This study analyzes the influence of various fertilizer management practices on crop yield and soil organic carbon (SOC) based on the long-term field observations and modelling. Data covering 11 years from 8 long-term field trials were included, representing a range of typical soil, climate, and agro-ecosystems in China. The process-based model EPIC (Environmental Policy Integrated Climate model) was used to simulate the response of crop yield and SOC to various fertilization regimes. The results showed that the yield and SOC under additional manure application treatment were the highest while the yield under control treatment was the lowest (30%–50% of NPK yield) at all sites. The SOC in northern sites appeared more dynamic than that in southern sites. The variance partitioning analysis (VPA) showed more variance of crop yield could be explained by the fertilization factor (42%), including synthetic nitrogen (N), phosphorus (P), potassium (K) fertilizers, and fertilizer NPK combined with manure. The interactive influence of soil (total N, P, K, and available N, P, K) and climate factors (mean annual temperature and precipitation) determine the largest part of the SOC variance (32%). EPIC performs well in simulating both the dynamics of crop yield (NRMSE = 32% and 31% for yield calibration and validation) and SOC (NRMSE = 13% and 19% for SOC calibration and validation) under diverse fertilization practices in China.

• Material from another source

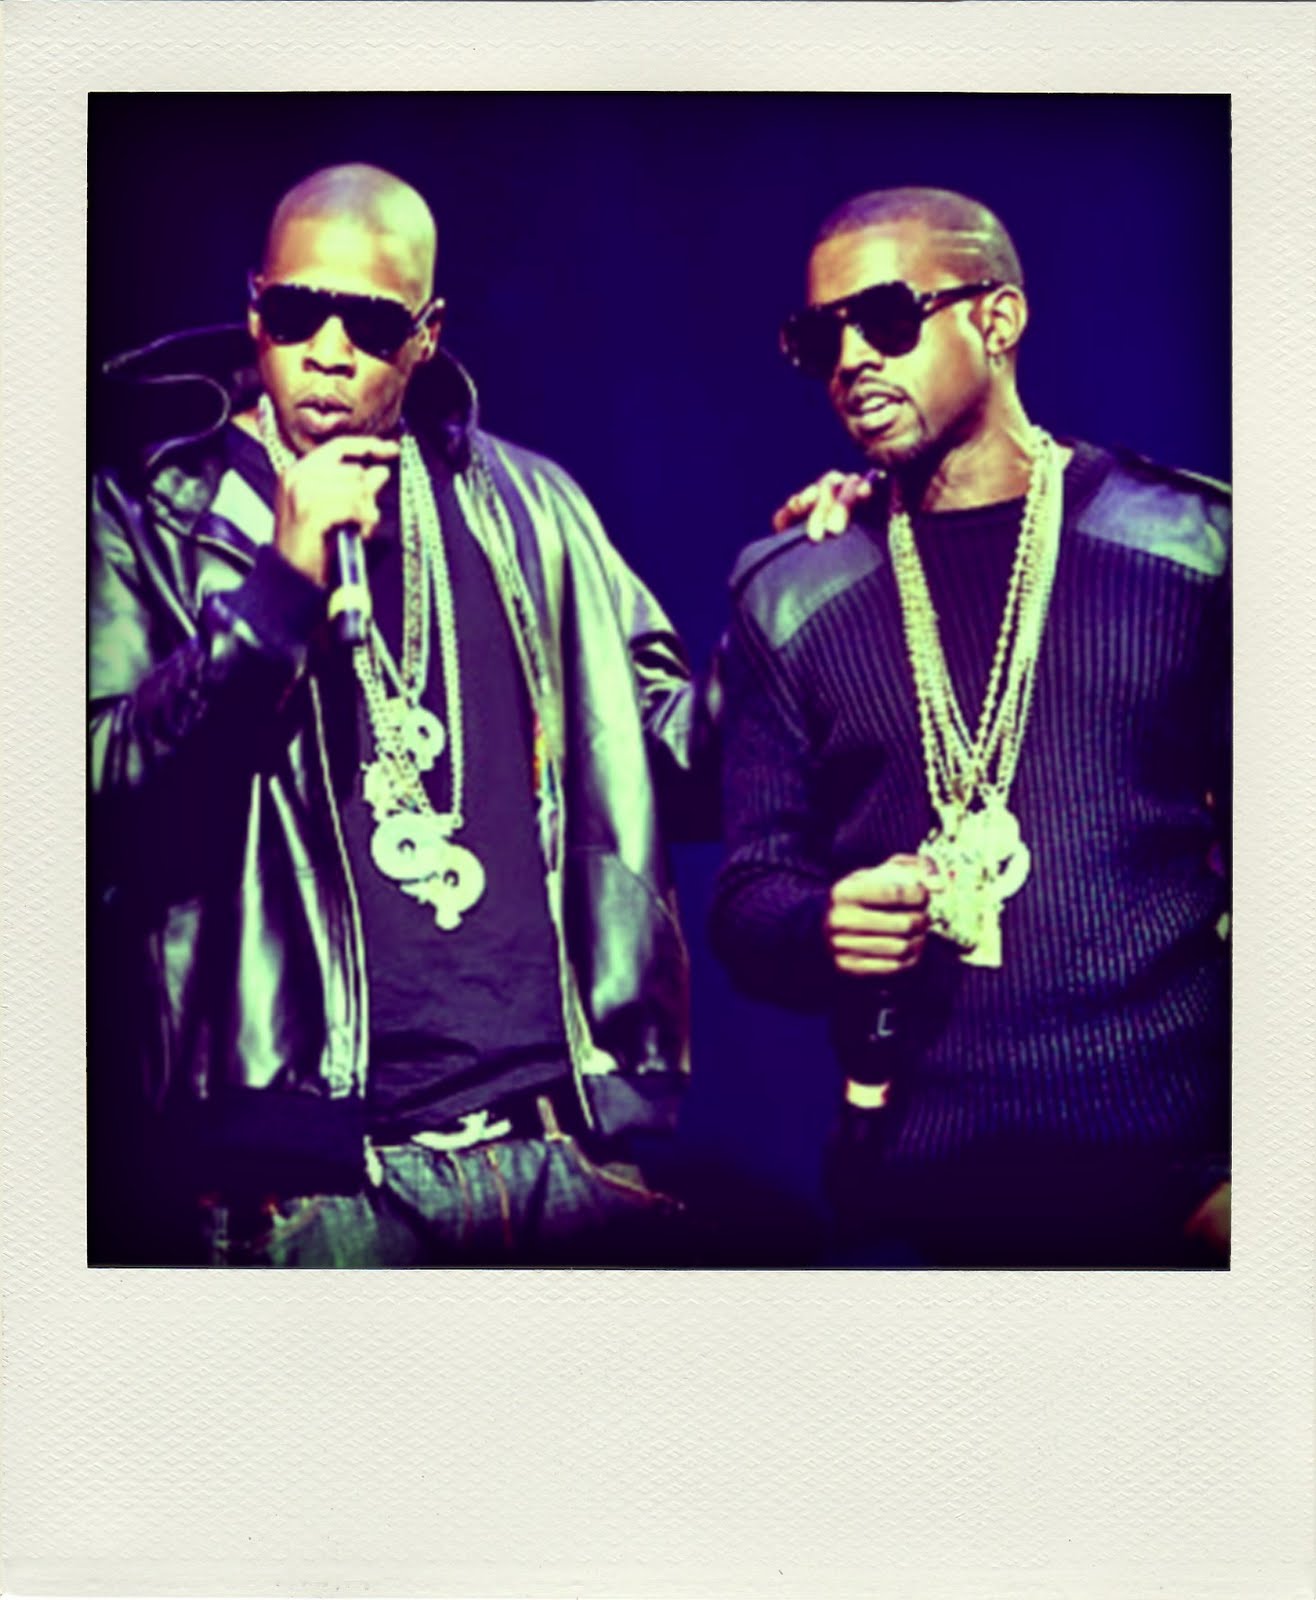 https://blogger.googleusercontent.com/img/b/R29vZ2xl/AVvXsEhYPhpxbnT5yq0pdIBjEkgwDnz55uRByS56Kc12HAbOZ7anQ4nenuhLtwR3CstJAl7NhkcRbYA8X7cicxgGAIsoMRXTIjXMPzbid46UfOVWQ0txRiIZHfJHo_U0tQE5lcDZQ_5yPEgAaeE/s1600/wpid-Jay-Z-Kanye-West-pola.jpg
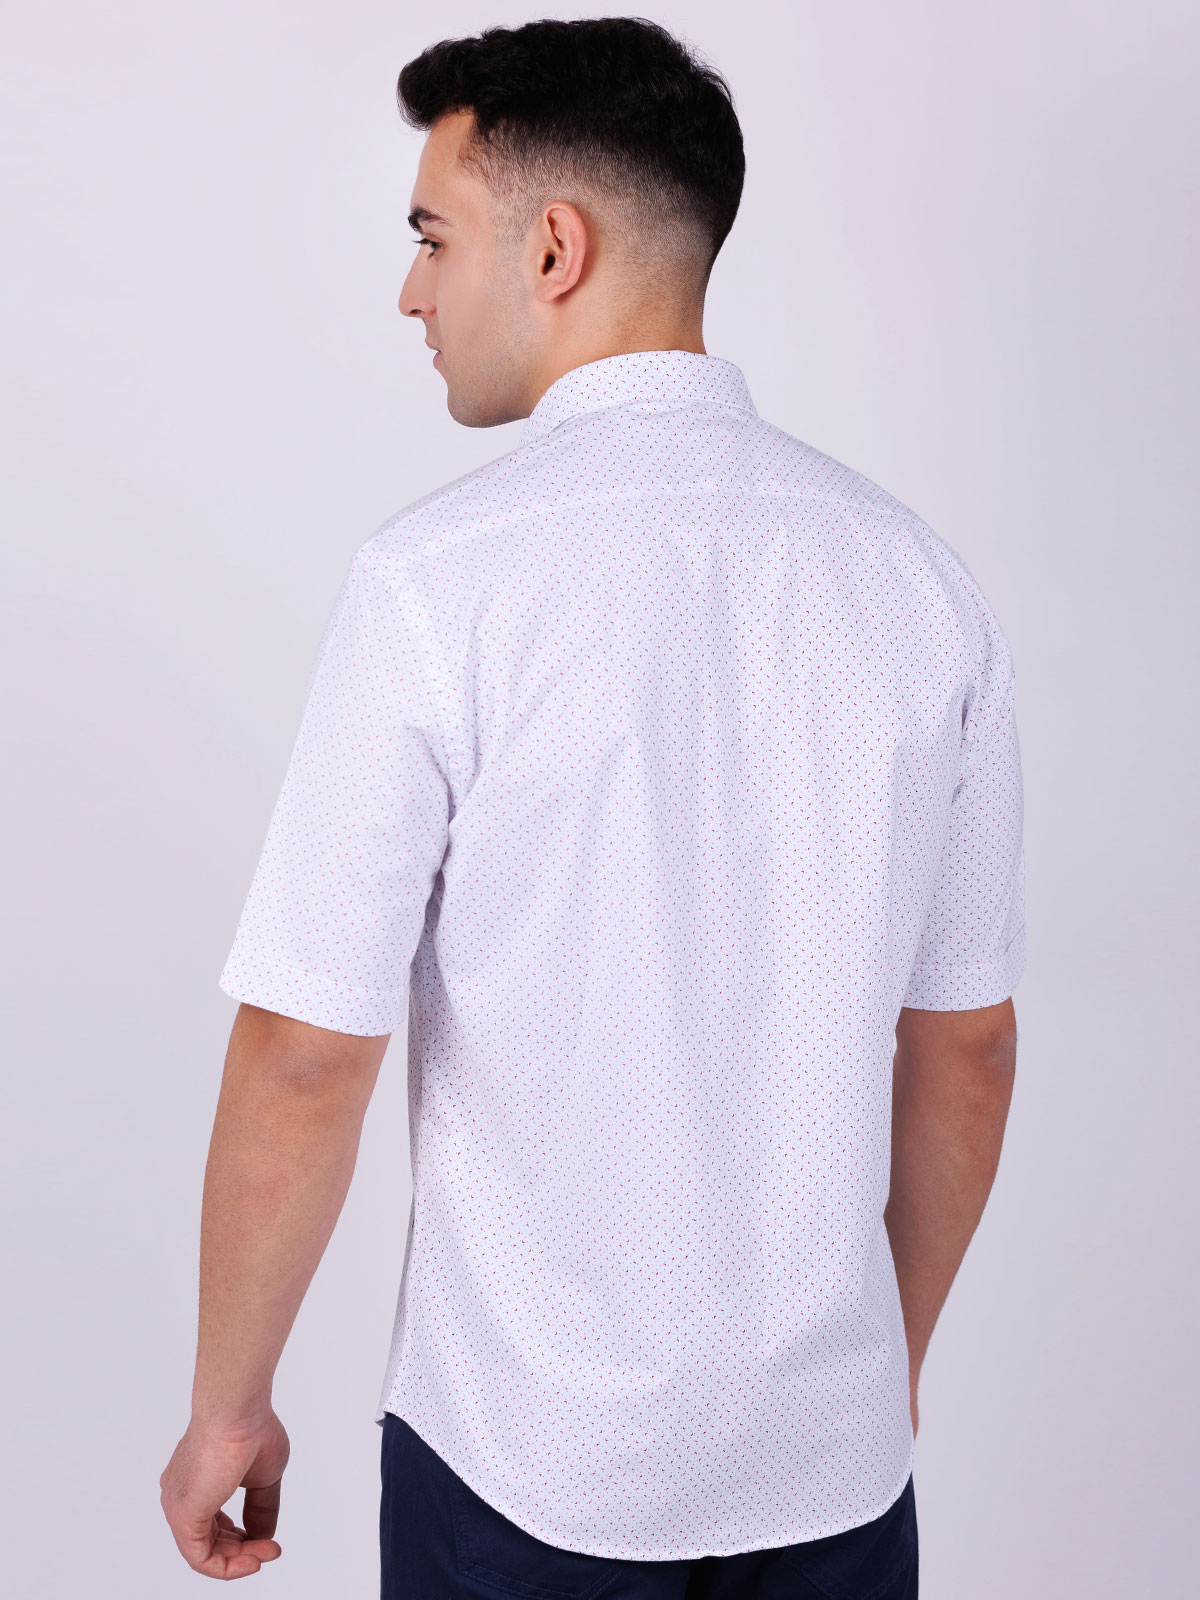 White shirt with figure print - 80230 € 38.81 img4

EPIC can assist in predicting the impacts of different fertilization regimes on crop growth and soil carbon dynamics, and contribute to the optimization of fertilizer management for different areas in China.

Item Type: Article
Uncontrolled Keywords: Crop yield; Soil organic carbon; Long-term field experiments; EPIC model; Fertilizer management
Research Programs: Ecosystems Services and Management (ESM)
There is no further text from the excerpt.